Janine Rankin on losing our parking spaces
College St residents about to lose all their on-street parking for about 1.5 kilometres of their street were taken by surprise by the implications of living on a preferred cycle route.
These were not stupid or inattentive people. Somebody, somewhere in the Palmerston North City Council might have guessed that those in the block from Botanical Rd to Batt St, who already have tight restrictions on parking, might have an opinion.
OK, we might all accept that roads are there for road users, not as an extension of private properties on their edges.
They are also the lid on a maze of underground services, but that’s another story.
Some roading engineers, the professional ones, that is, not the armchair ones, will explain that residents have no particular rights over the roadway outside their houses.
That’s not entirely reasonable, of course, if the council expects them to mow the grass berms and clear the autumn leaves out of gutters and drains.
And we know city folk, especially as you move out of the city centre toward the suburbs, as you do travelling along College St, take a sort-of proprietary interest in the potential to park a car outside.
The present writer is excluded from that generalisation, given there’s a bend just before the driveway, and a request to have a protective yellow line painted along the kerb outside was granted.
Anyway, to find out in a letter from the council that car parks are about to be taken away, like, within a couple of weeks, could have been predicted to go down badly.
Ever so slightly pouring petrol on the fire was a comment that the proposal to upgrade College St’s cycle facilities was consistent with the council’s environmental and transport strategies ‘‘which have been developed in consultation with the community’’.
There were looks of total bafflement about that. None of the affected residents could recall any opportunities to make submissions on such strategies.
And you’ve got to be a pretty dedicated council watcher to find out what the comment meant.
It could well be a reference to the Integrated Transport Strategy of 2015.
This 73-page document, adopted in November 2015, has ‘‘encourage walking and cycling’’ as one of its key drivers, and clearly identifies College St as a primary on-road cycle route.
It signalled there would be ‘‘design responses for cyclists on primary cycle routes’’, and it was likely that would mean giving priority to cyclists over on-street parking.
There was a media article alerting people that the council was calling for submissions.
Submissions closed in May 2015, with 39 received.
It was reported to councillors that there had also been intensive pre-consultation with interest groups, which, at a glance, meant people with an interest in wheels.
Information about the draft and the consultation process was publicised on the council’s website, in a media release and in the
Square Circular.
Paper copies were also distributed to the Customer Service Centre, to all libraries, and made available at the ‘‘Let’s talk to the Councillor’’ meetings.
Most of the feedback the council received was, not surprisingly, from road users, particularly cyclists.
‘‘Strong concern was expressed about cyclist safety and the conflict between cyclists and cars, particularly cars parked in and using cycle lanes.
‘‘A number of suggestions were made to improve cycle safety, such as wider roads, protected or separated cycle lanes, physical barriers, use of footpaths for cycling, and bylaws.’’

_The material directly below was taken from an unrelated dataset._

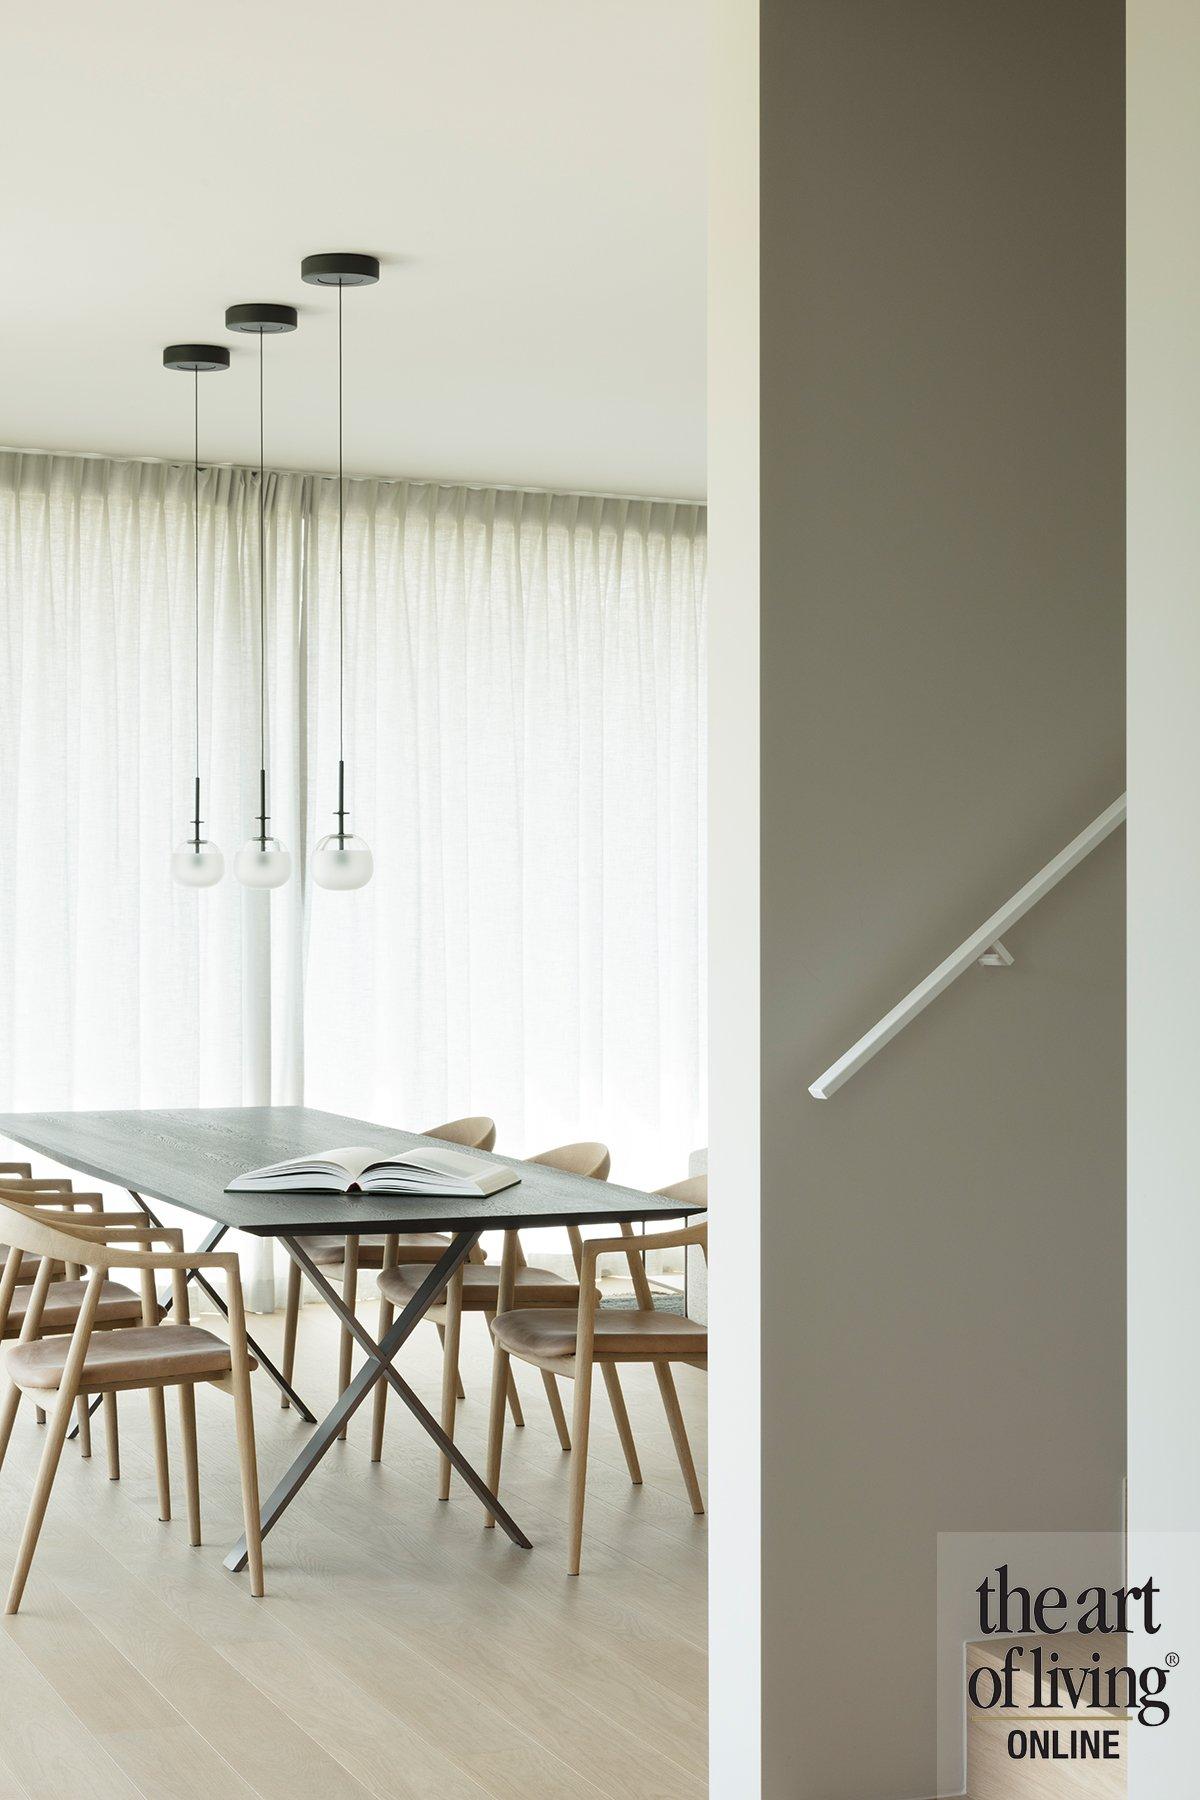 Licht interieur | Niko Wauters, the art of living

Residents, it seems, were not targeted. They were hardly alerted, involved, reactive, or considered.
So it comes as no surprise that they have responded with a vengeance, and that the council, rather after the horse has bolted, is holding a public meeting to try to get the balance right.
END NOTE:
Cats will be cats, and it’s in their nature, with a dismissive flick of the tail, to ignore any rules humans try to impose.
In particular, they can be expected to totally ignore bylaws.
And their human staff are to various degrees likely to respect, if not actively encourage, their assumption of independence and superiority.
City councillors, some of whom have cats, are on the cusp of understanding the limitations of adopting a bylaw that cats will not read.
Today, the planning and strategy committee is expected to recommend the reviewed animals and bees bylaw include rules about mandatory desexing and microchipping felines by the time they are 4 months old.
Making it mandatory will not necessarily make it happen.
And so, another committee of sorts is likely to be formed, to grapple with real and perceived problems on the cat-management front.
... residents have no particular rights over the roadway outside their houses.